The meta-analysis of 2x2 diagnostic contingency tables was conducted via a bivariate mixed effects model. In the training sets, the pooled sensitivity and specificity were 0.92 (95% CI 0.84-0.96) and 0.88 (95% CI 0.83-0.92), 0.80 (95% CI 0.76-0.84) and 0.90 (95% CI 0.86-0.92), and 0.81 and 0.91 for CT-, MRI-, and ultrasound-based radiomics. The pooled sensitivity and specificity were 0.79‐0.93, 0.58-0.92, and 0.86 (95% CI 0.79-0.91) and 0.90 (95% CI 0.86-0.92) for models integrating clinical features with CT- or MRI-based radiomics (Table 3).
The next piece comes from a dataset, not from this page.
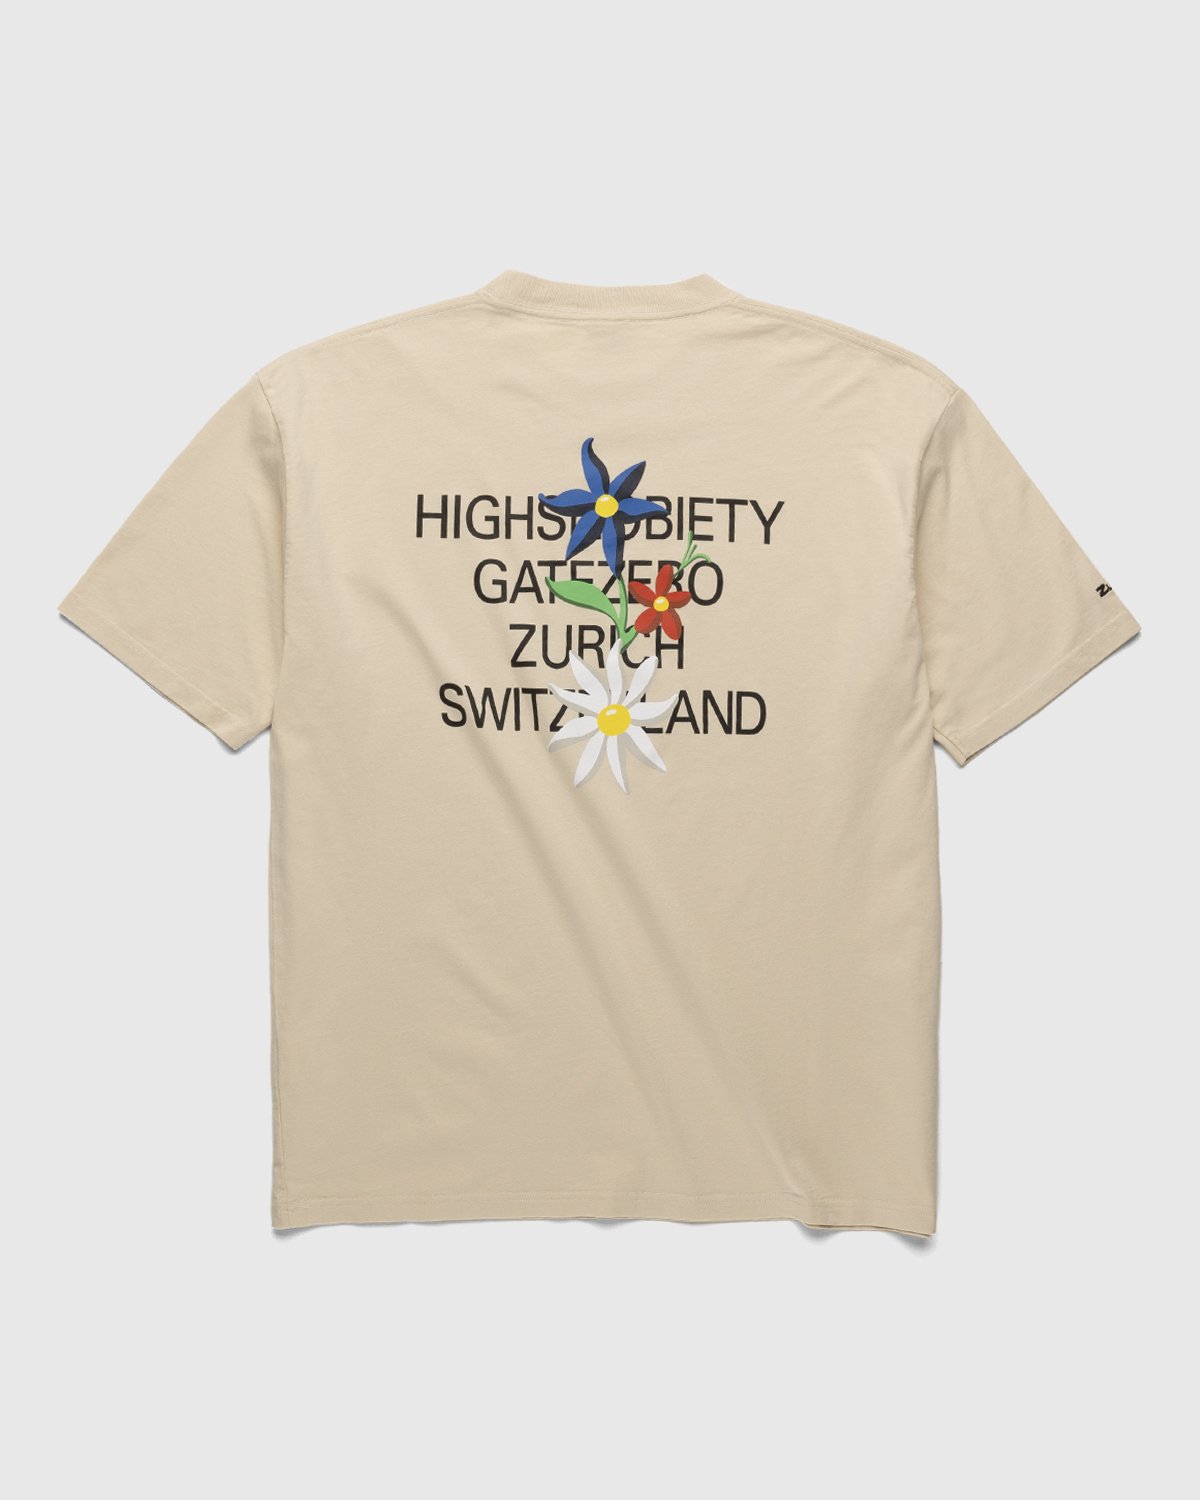 Highsnobiety - GATEZERO City Series 2 T-Shirt Eggshell - Clothing - White - Image 1
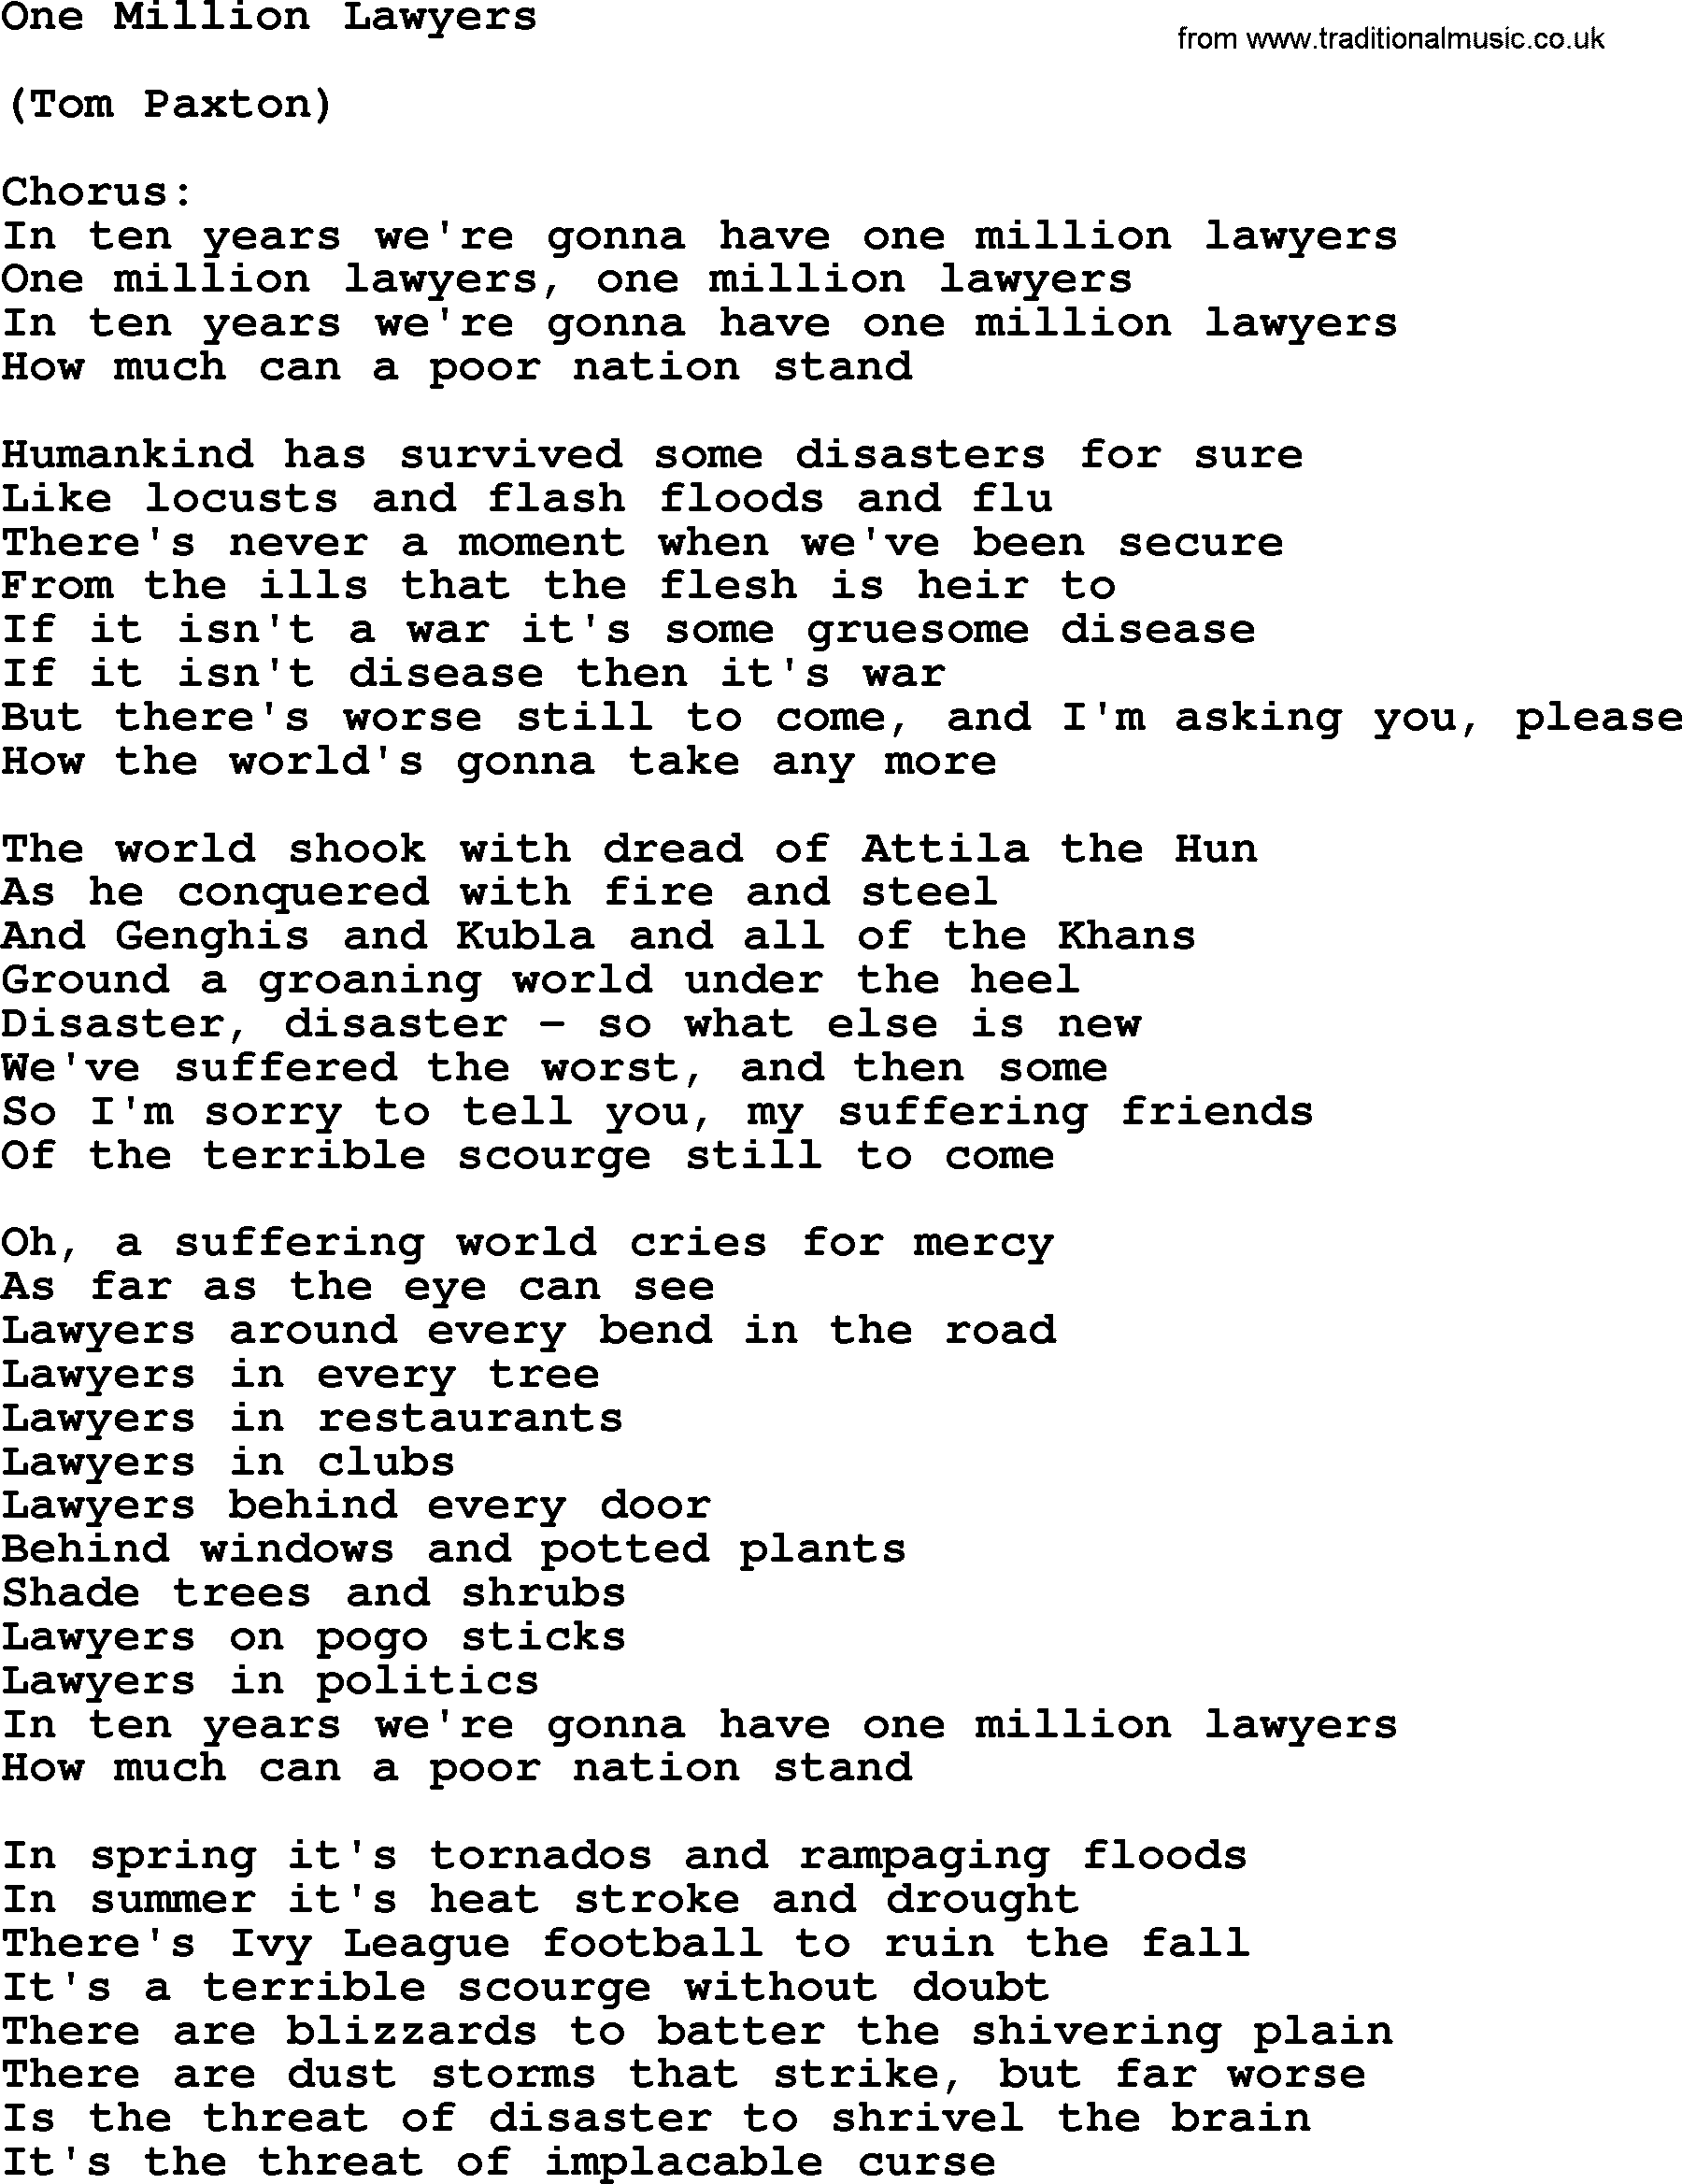 Tom Paxton song: One Million Lawyers, lyrics

In the validation sets, the pooled sensitivity and specificity were 0.87 (95% CI 0.80-0.91) and 0.83 (95% CI 0.76-0.88), and 0.87 (95% CI 0.79-0.92) and 0.89 (95% CI 0.84-0.92) for CT- and MRI-based radiomics. The pooled sensitivity and specificity were 0.86 (95% CI 0.77-0.92) and 0.75 (95% CI 0.64-0.84) for models integrating clinical features with CT-based radiomics, and 0.88 (95% CI 0.81-0.93) and 0.88 (95% CI 0.76-0.94) for models integrating clinical features with MRI-based radiomics (Table 3).

Subgroup Analysis

Subgroup analyses of AUROC for the diagnosis of muscle invasion were performed based on different imaging modalities and model types. Among CT-based radiomics models, deep learning (DL) was the predominant approach. In the validation sets, the pooled AUROC of DL was 0.903 (95% CI 0.826-0.988; grade: weak), with a sensitivity of 0.88 (95% CI 0.77-0.94) and a specificity of 0.83 (95% CI 0.71-0.91). Among MRI-based radiomics models, DL was the most common modeling approach. In the validation sets, the pooled AUROC of DL was 0.908 (95% CI 0.892-0.924; grade: weak), with a sensitivity of 0.87 (95% CI 0.78-0.92) and specificity of 0.93 (95% CI 0.88-0.96). In the validation sets, the model integrating CT-based radiomics with clinical characteristics yielded an AUROC of 0.874 (95% CI 0.852-0.896; grade: weak). The corresponding sensitivity was 0.86 (95% CI 0.77-0.92), and the specificity was 0.75 (95% CI 0.64-0.84). Conversely, for MRI-based models combined with clinical variables, the pooled AUROC was 0.921 (95% CI 0.867-0.979; grade: weak). The corresponding sensitivity and specificity were 0.88 (95% CI 0.81-0.93) and 0.88 (95% CI 0.76-0.94), respectively (Tables 2-3).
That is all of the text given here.